Google Splits TPU 8 Into Dedicated Training and Inference Chips, Targeting Agent-Scale Workloads

This is a developing story. NCT previously reported on April 20 that Google Chief Scientist Jeff Dean confirmed inference-specialized TPU development. Today’s announcement formalizes the product launch with full specifications.

Google unveiled TPU 8t and TPU 8i at Cloud Next 2026 in Las Vegas on April 22, formally splitting its custom tensor processing unit line into dedicated training and inference architectures for the first time. The dual-chip design delivers up to 2.8x faster training and 80% higher performance per dollar for LLM inference compared to last year’s Ironwood TPUs, according to The Register’s analysis.

TPU 8t: Training at Scale

TPU 8t targets frontier model development, with Google’s Chief Technologist for AI Infrastructure Amin Vahadat stating it is “built to reduce the frontier model development cycle from months to weeks,” according to NewsBytes.

Each TPU 8t chip features 216 GB of high-bandwidth memory at 6.5 TB/s bandwidth, 128 MB of on-chip SRAM, up to 12.6 petaFLOPS of FP4 compute, and 19.2 Tbps of chip-to-chip bandwidth, per The Register.

A single TPU 8t superpod scales to 9,600 chips with 2 petabytes of shared high-bandwidth memory and double the interchip bandwidth of the previous generation, delivering 121 ExaFLOPS of compute, according to Google’s technical blog. That represents nearly 3x the compute performance per pod over Ironwood.

The scaling architecture uses optical circuit switches to connect those 9,600 chips in a single unified pod. Multiple pods then link through the new Virgo Network fabric, which uses high-density packet switches to connect up to 134,000 TPUs per datacenter and up to one million TPUs across multiple sites, as The Register reported.

Google is targeting 97% “goodput,” a measure of productive compute time, through real-time telemetry across tens of thousands of chips, automatic detection and rerouting around faulty links, and optical circuit switching that reconfigures hardware around failures without human intervention, per Google’s blog.

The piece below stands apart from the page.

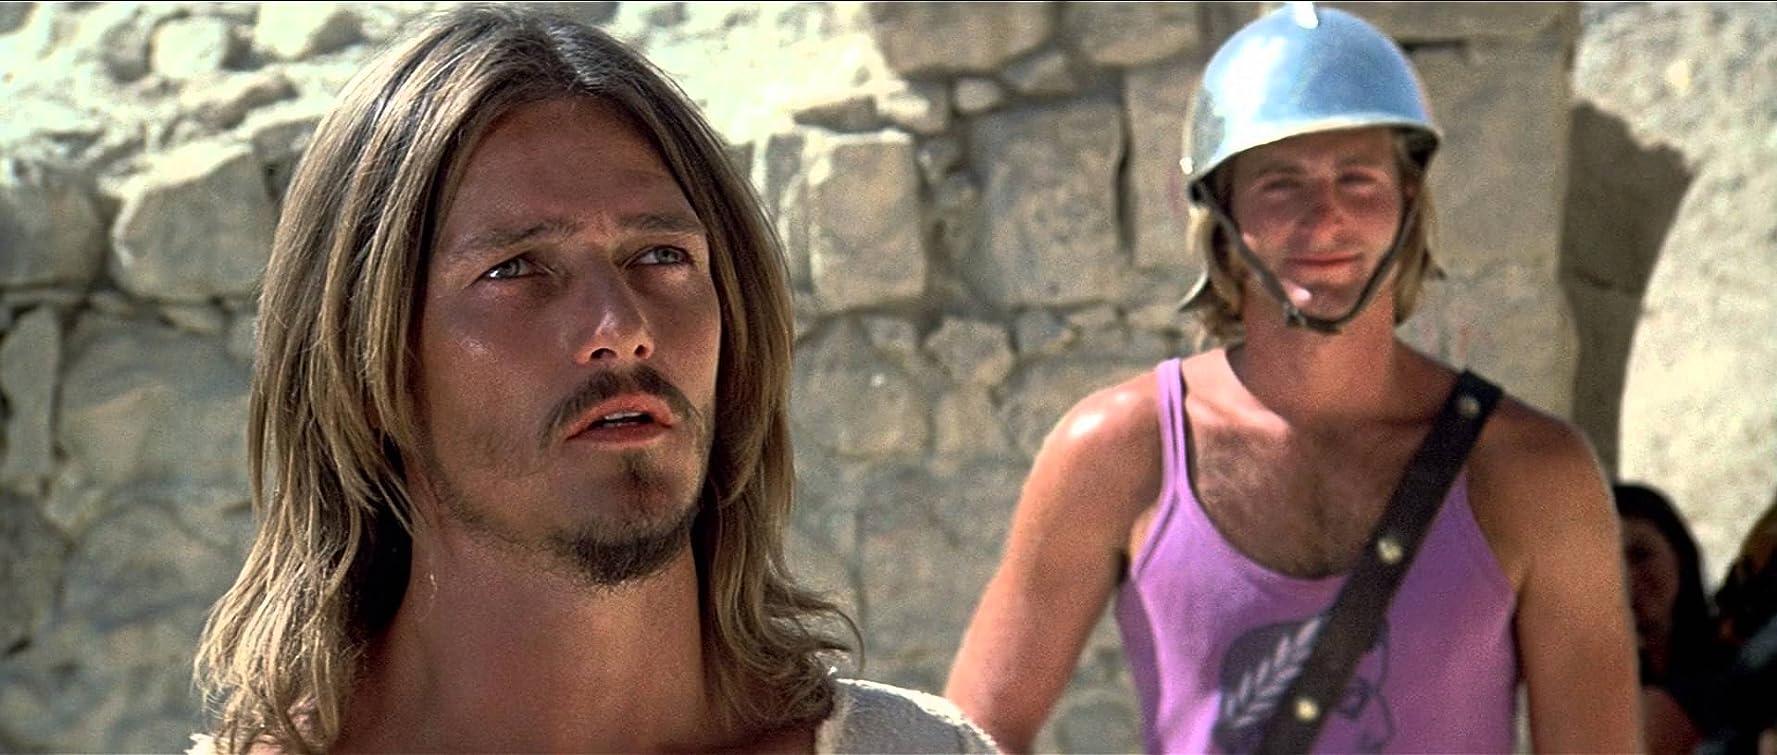 Expectativa jesus cristo super star

TPU 8i: Inference for Multi-Agent Workloads

TPU 8i addresses a different bottleneck. Inference is memory-bandwidth limited: each generated token requires streaming the entire model’s active weights through memory. Google redesigned the chip to trade raw FLOPS for faster memory access and larger on-chip caches.

The chip pairs 288 GB of high-bandwidth memory with 384 MB of on-chip SRAM, 3x more than the previous generation, according to Google’s blog. TPU 8i connects 1,152 chips in a single pod, as Sundar Pichai noted in his keynote post.

Pichai stated that TPU 8i is designed to “deliver the massive throughput and low latency needed to concurrently run millions of agents cost-effectively.” The architectural intent is clear: when agents run continuously and interact with each other in multi-step workflows, small latency inefficiencies compound. Google designed TPU 8i to eliminate what it calls the “waiting room” effect, where processors sit idle between reasoning steps.

Competitive Context

Google is not the first to specialize training and inference silicon. AWS has maintained separate Trainium (training) and Inferentia (inference) chip lines since 2019. Nvidia’s Blackwell Ultra generation also optimized for inference, trading high-precision compute for a 50% jump in memory and FP4 throughput, as The Register noted.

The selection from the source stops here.